**GIVEN MATERIAL:**

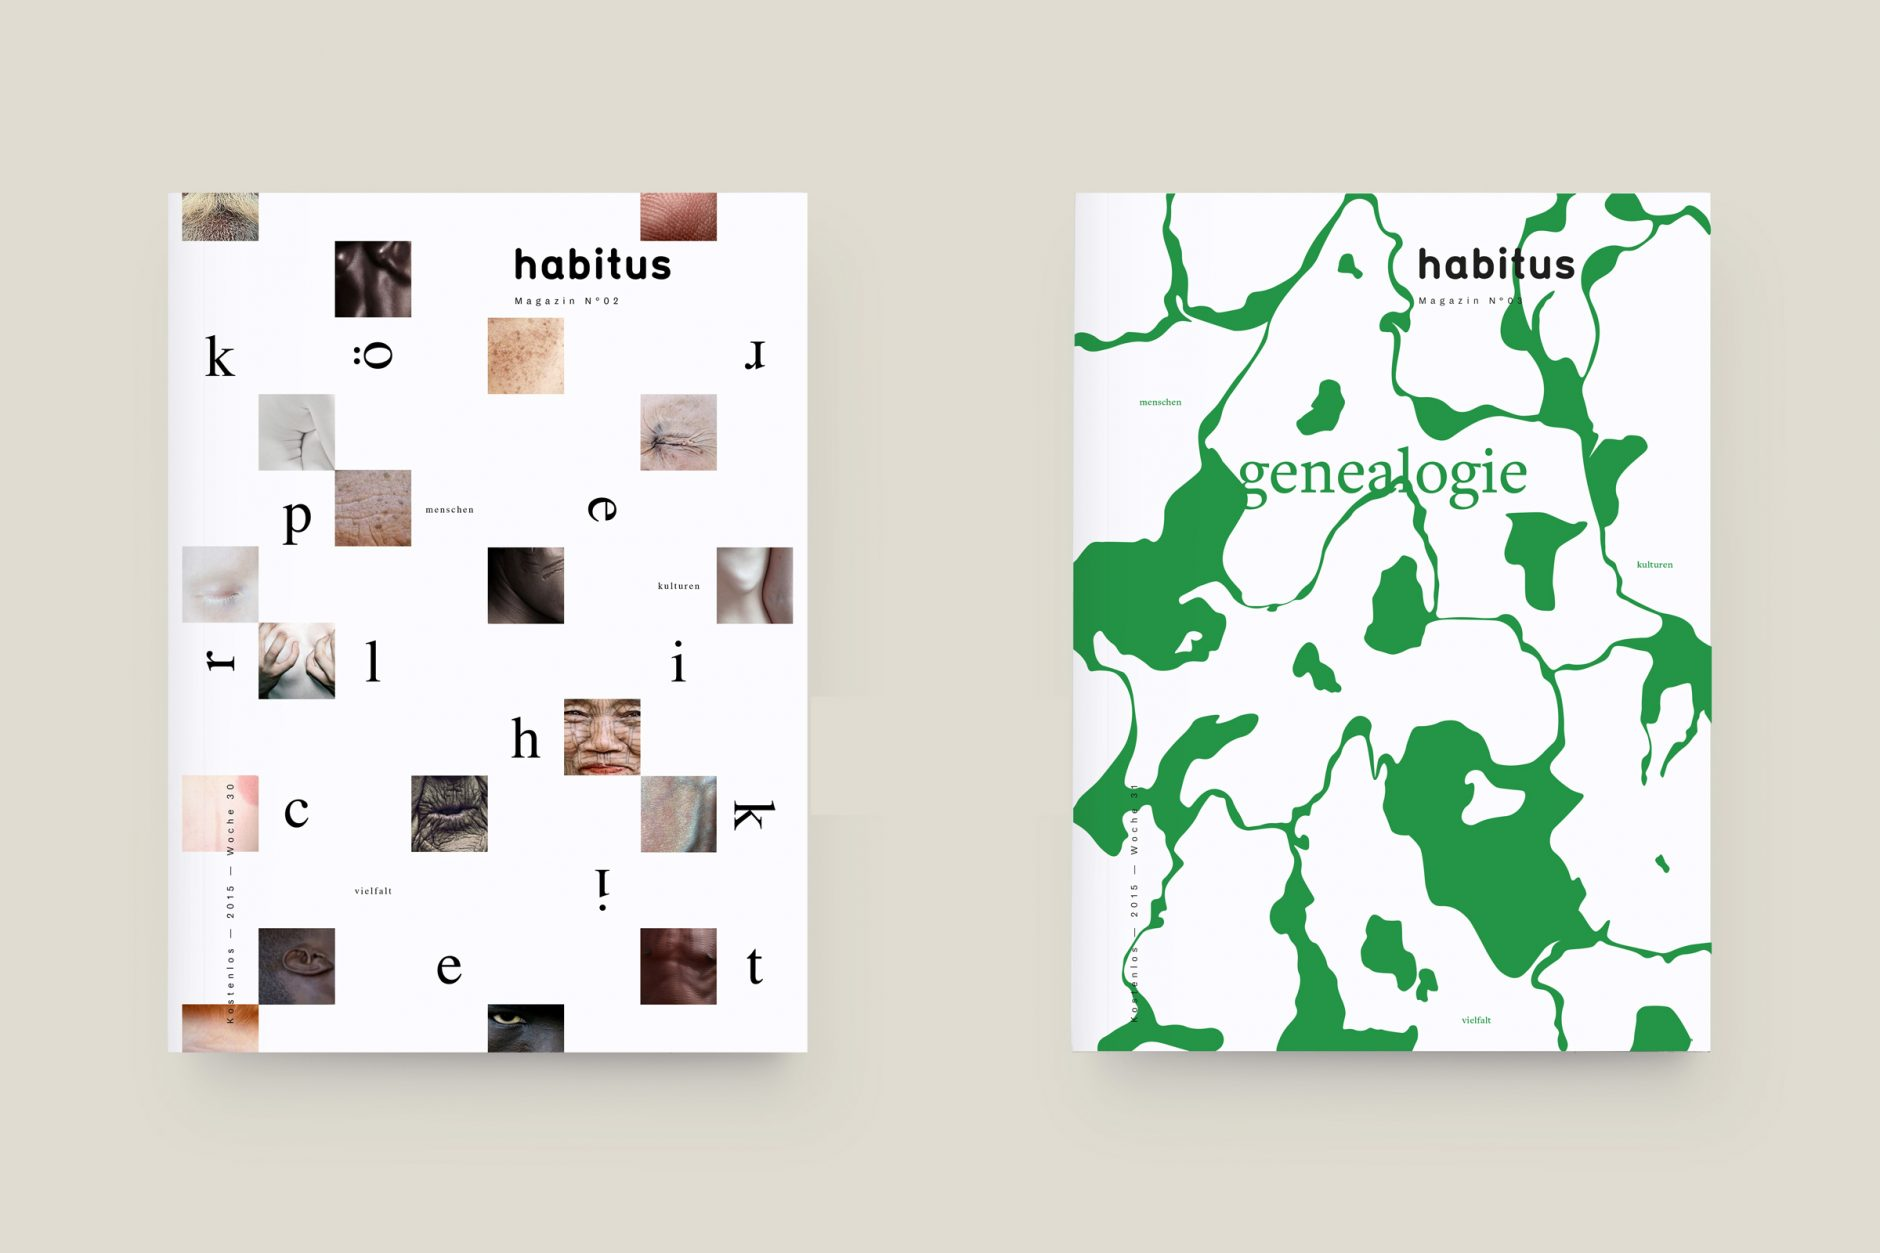 habitusmagazin_2
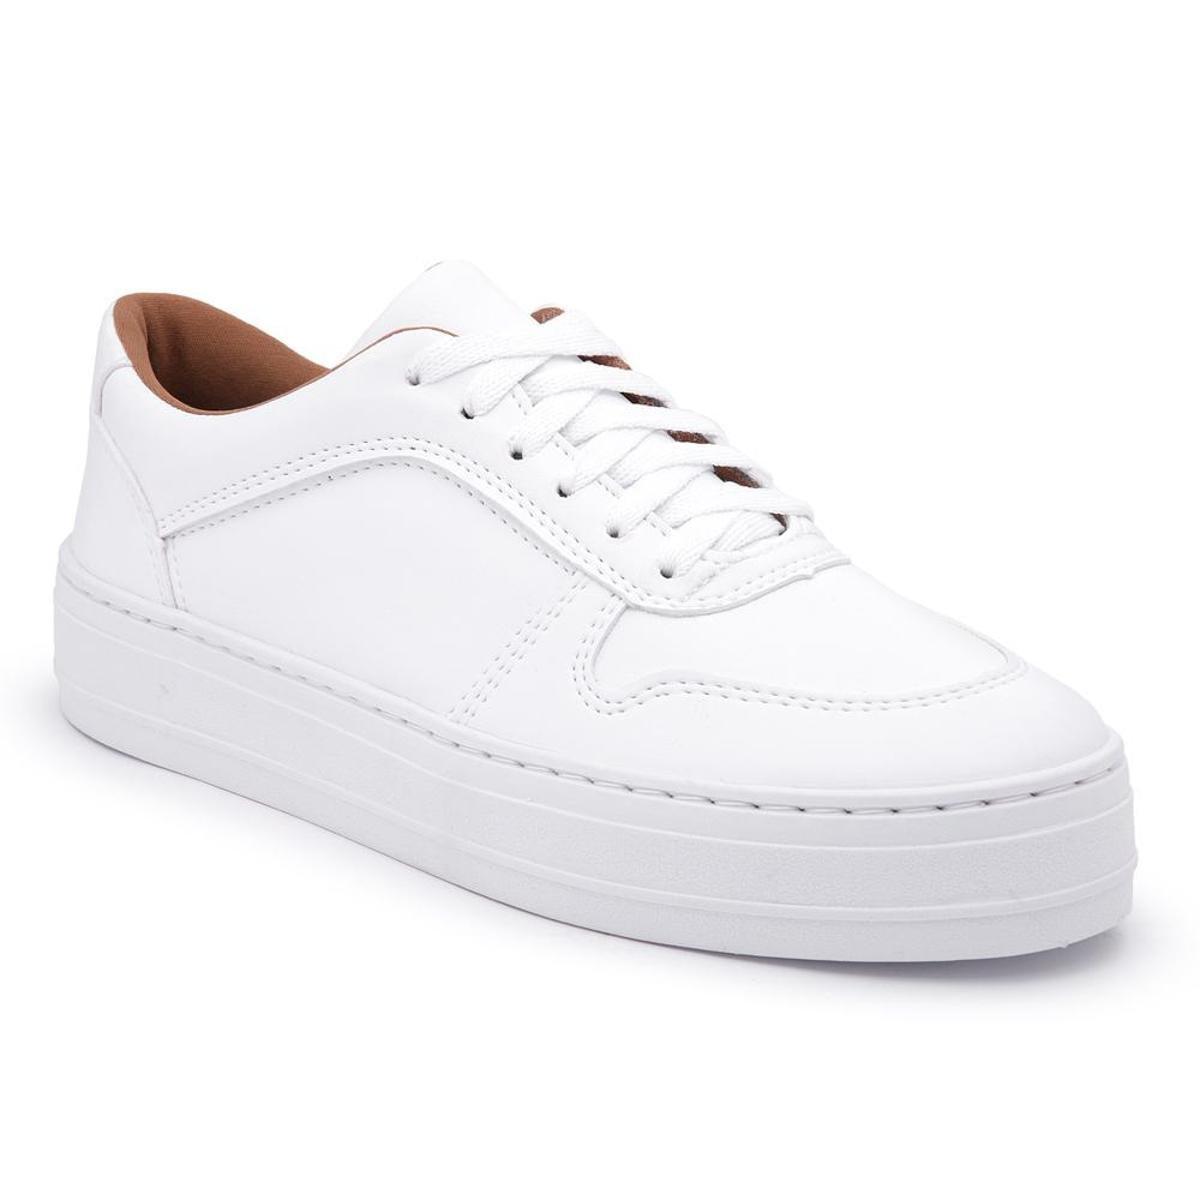 Tênis Sapatênis Confort Casual Tenehi Feminino 080 - Branco - Compre ... d8b6c57fe057f
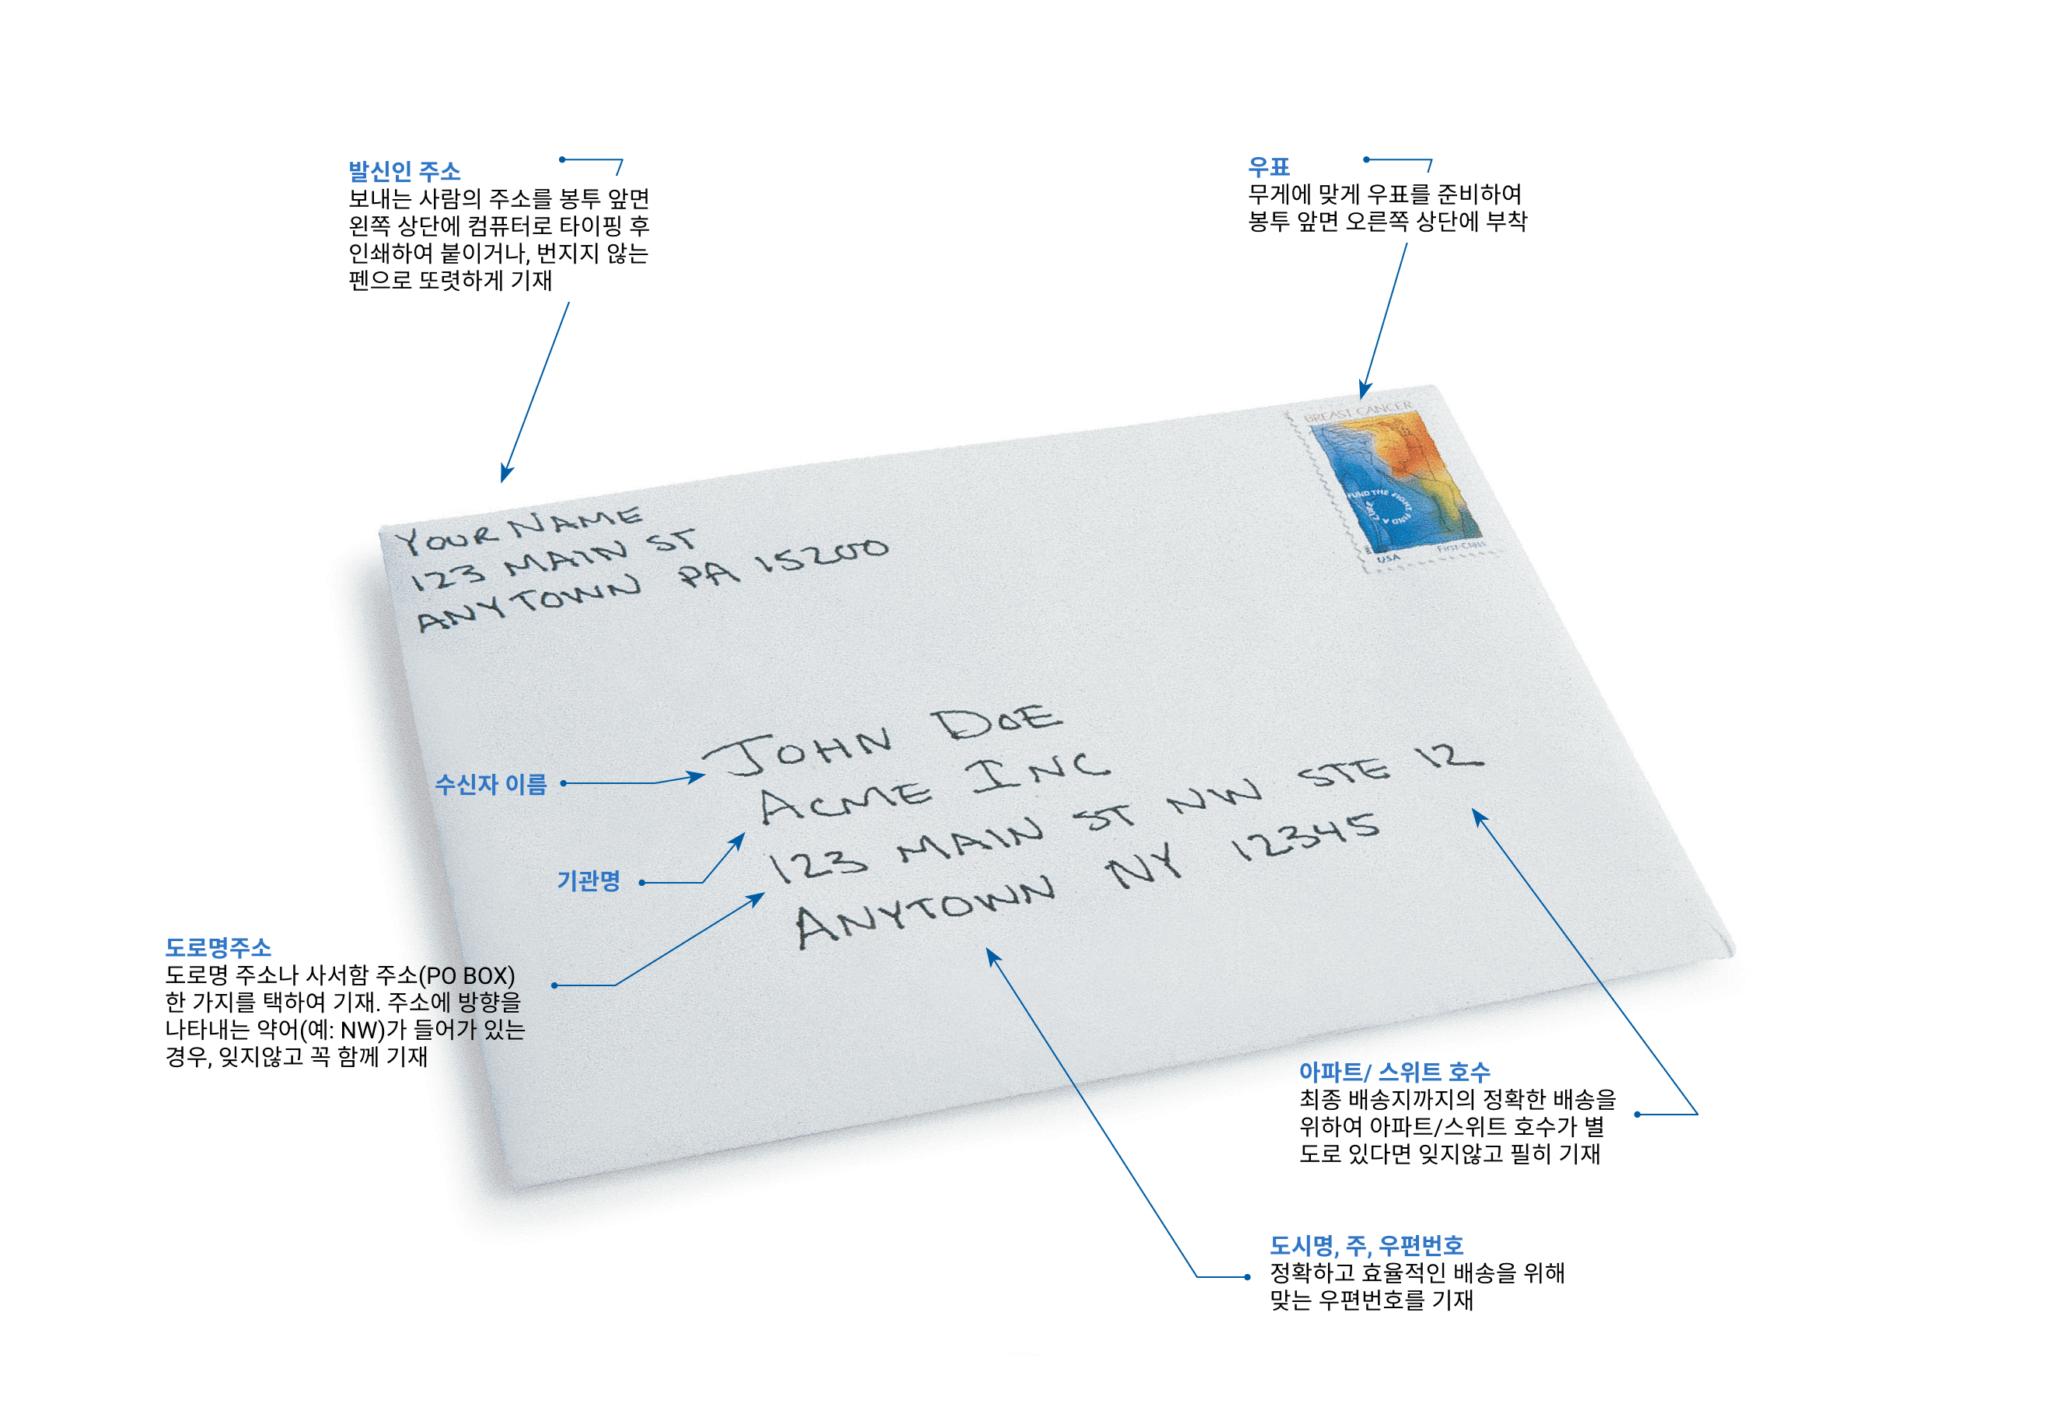 koreaninamericablogtexthowtowriteanaddressonmail
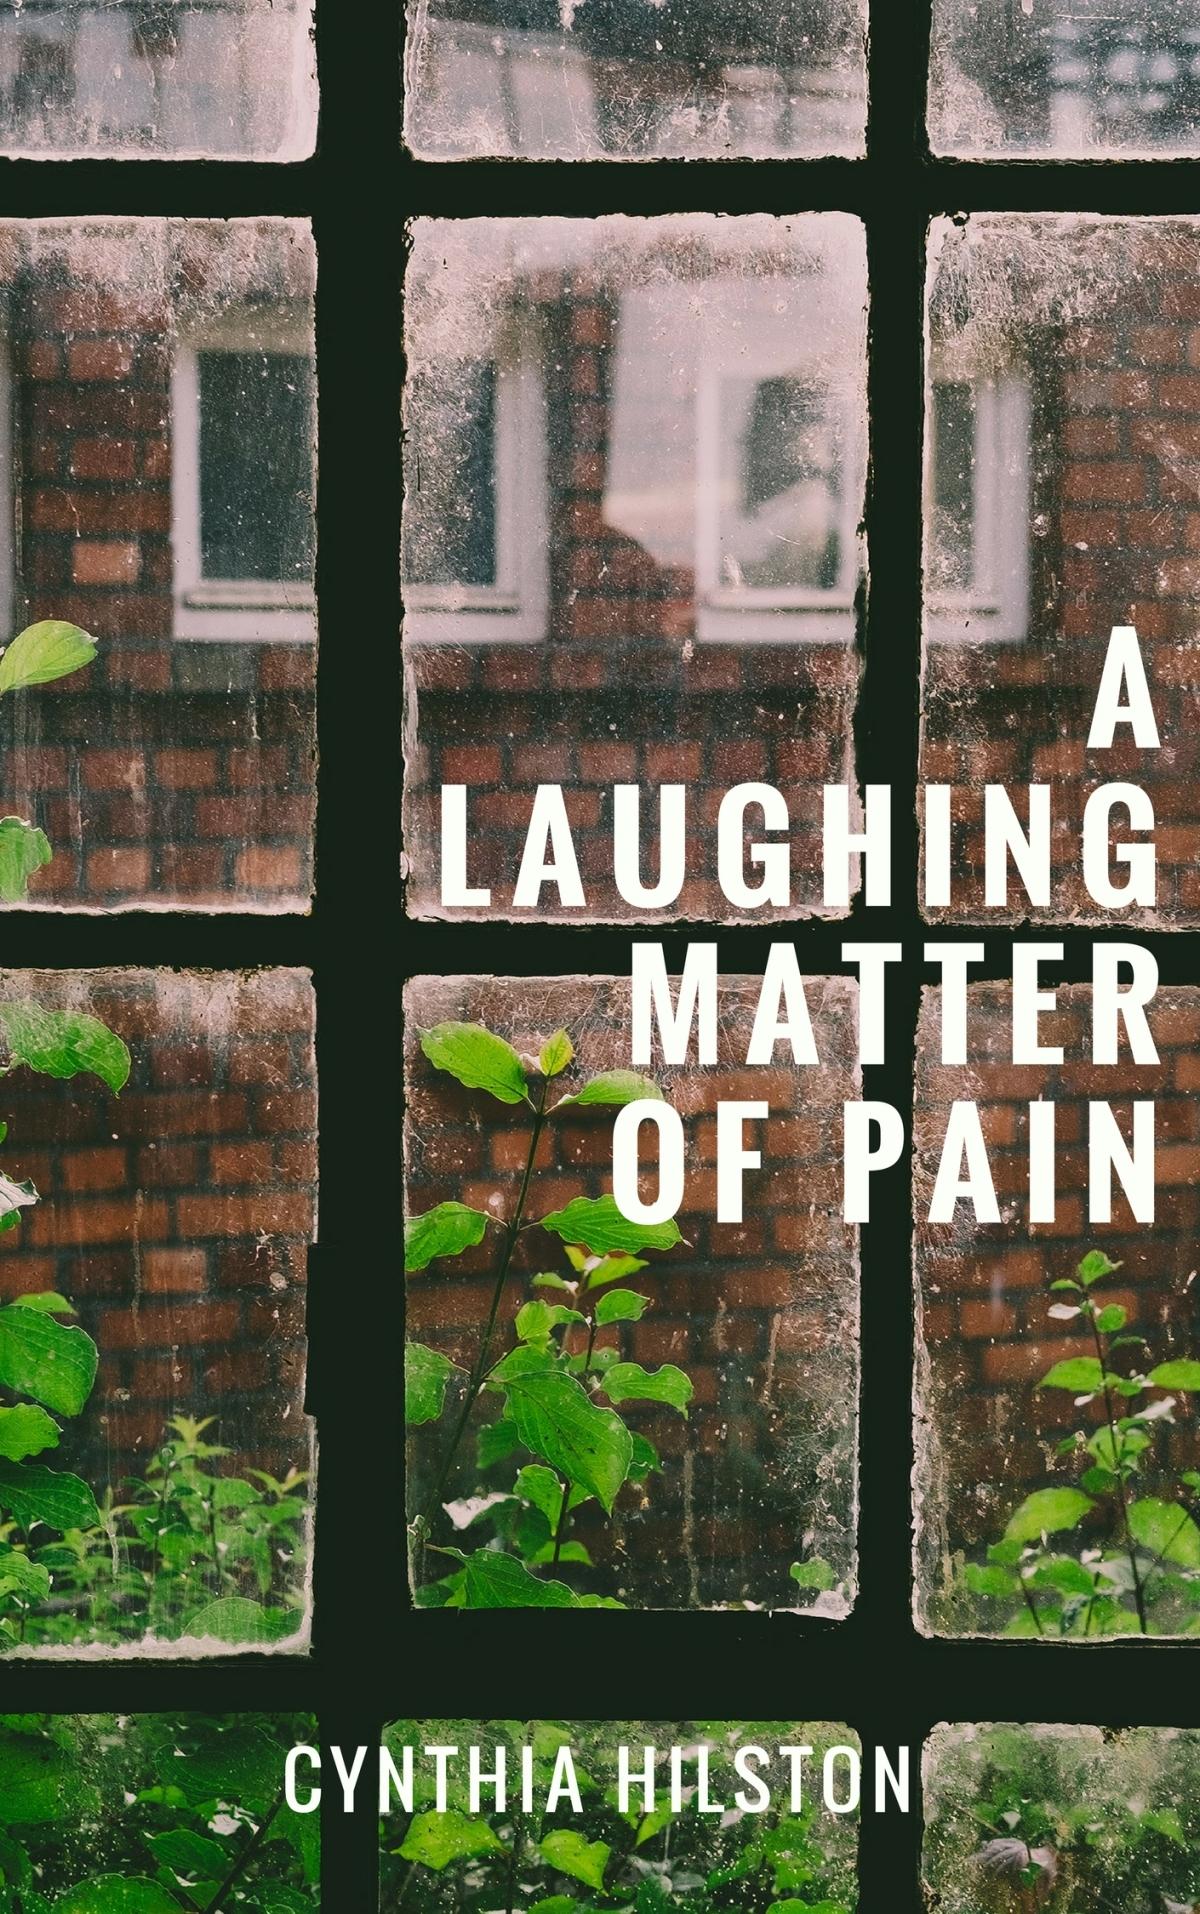 A Laughing Matter of Pain by Cynthia Hilston #BlogBlitz #PublicationDay (@cynthiahilston) @RaRaResources #ALaughingMatterOfPain

**INSTRUCTIONS FOR THE TASK:** Restate the data word for word while omitting each picture.

**SOLUTION FOR THIS EXERCISE:**
 habitusmagazin_2
 Tênis Sapatênis Confort Casual Tenehi Feminino 080 - Branco - Compre ... d8b6c57fe057f
 koreaninamericablogtexthowtowriteanaddressonmail
 A Laughing Matter of Pain by Cynthia Hilston #BlogBlitz #PublicationDay (@cynthiahilston) @RaRaResources #ALaughingMatterOfPain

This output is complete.